けいこらむ うちのあゆくん♯3 気管切開児のコミュニケーション事情

気管切開児のコミュニケーション事情

うちのあゆくん(7)は、生まれて半年で気管切開児となった。

一定の運動量があるお子さんは、気管切開児といえど、声が出ている人が多い。

我が子もどんなにかすれていても、声は出せるはずだ、と思っていた。

しゃべる、までは行かなくても、あーとかうーとか。それだけでもちゃんとした意思表示になる。だけどあゆくんはいつまで経っても音声が一音たりとも出なかった。

その間のコミュニケーションは、主にベビーサインだったり、手話だったり。複雑な手話は覚えるのに時間がかかるので、我が家だけの単純なサインも加えて会話をした。パパ、ママ、遊ぶ、嬉しい、おいしい、おうち、痛い、ちょうだい、寒い、見る、何、話す、などなど。それでもあゆくんの方からの表現がとても限られていたので、母はひたすらあゆくんに話しかけていた気がする。

気管切開児のコミュニケーション事情 ある日のこと

ある時のこと。母は大風邪を引いてしまい、喉が痛くて声が出せない。喋るのも辛かったのでどうしても口数が減るのだけど、その状況にあゆくんは「ほったらかしにされている!」と思ったらしく、サインで、「しゃべって」とコワイ顔で言われた。寂しがらせる訳にはいかない。母は喉を酷使して喋り続けたのである。

年齢が上がるにつれ、あゆくんはコミュニケーションに独自の手法を取り入れだした。唇を合わせて、「パッパッ」と音を出す。「ママ」を呼んでいるのだけど、音が鳴るので遠くにいても気付く。

また、母の口の形を見ては、言葉を口の形で表すようになっていった。分からないことも多いのだけど、あえて大きく口を動かして伝えようとしてくれたおかげで、何度か聞き返せばだいたい正解に辿り着く。

(その代わり正解にどうしても辿り着けなかった時はものすごくプンスカされましたが)

気管切開児のコミュニケーション事情 ~年中さんになって~

年中さんくらいになると、ひらがなを少しずつ覚えていき、こういう伝え方もあるのだ、というのを学んでいった。ただ、ひらがなを探すのに時間がかかって面倒だと思うらしく、あまり積極的には使わなかった。

そうこうしているうちに、あゆくんは声帯を広げる処置によって音声が出るようになった!齢、4歳。

声が出せると分かったあゆくんは、嬉しそうに、「あーあー」と声を出してみせた。その後、私をまっすぐ見つめて、「ママ、大好き」と言ってのけた。

出たとはいえ、ガラガラのかすれ声。

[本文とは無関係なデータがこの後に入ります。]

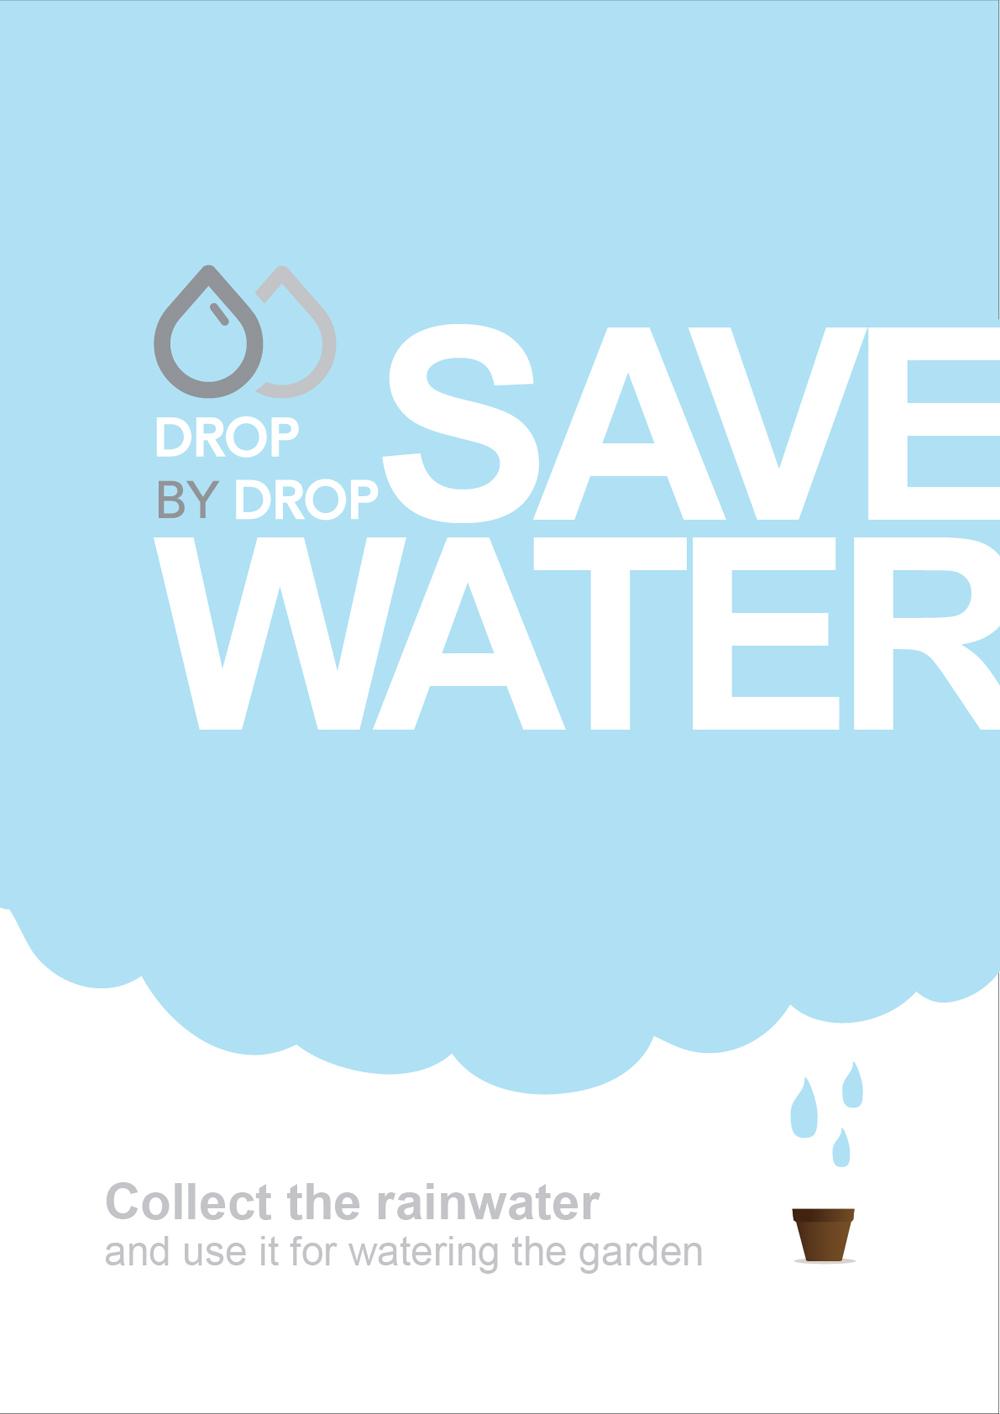 A166d1251403155604ba23248f5g save water poster competition altavistaventures Images

しゃべったことがないから、発音だってままならないけど、確かに伝わった。母は泣いた。

ただそのあとすぐにあゆくんが私を指さして、「あんたが」と言った時は衝撃だった…。えーっと、私が日常でソレ、使っちゃっているってことよね。ホント、言葉遣いには気をつけよう…。

気管切開児のコミュニケーション事情~その後~

その後はたくさん喋るようになっていった。ただ、赤子が辿る道、喃語から始まり、ママやワンワンなど繰り返す言葉を話し…といった、口や舌の動きから音を獲得していく経験が皆無なため、発音がほぼ母音!

「ママ、あそぼー」だったら「あわ、あおおー」に近い感じなのだ。

しばらくこの状態が続いたためとても心配したけれど、言語聴覚士の先生からは、「あゆくんは自分で聞いて話して、自分で音を寄せていけるから大丈夫」と言われた。何もする必要はないという。

ほんとかな!?と半信半疑だったけど、確かに、今は綺麗に話せている。

4年間も声が出なくても、ちゃんと「話す」を獲得できるって、なんだかすごいなあと、改めて子どもの力に驚かされたのだった。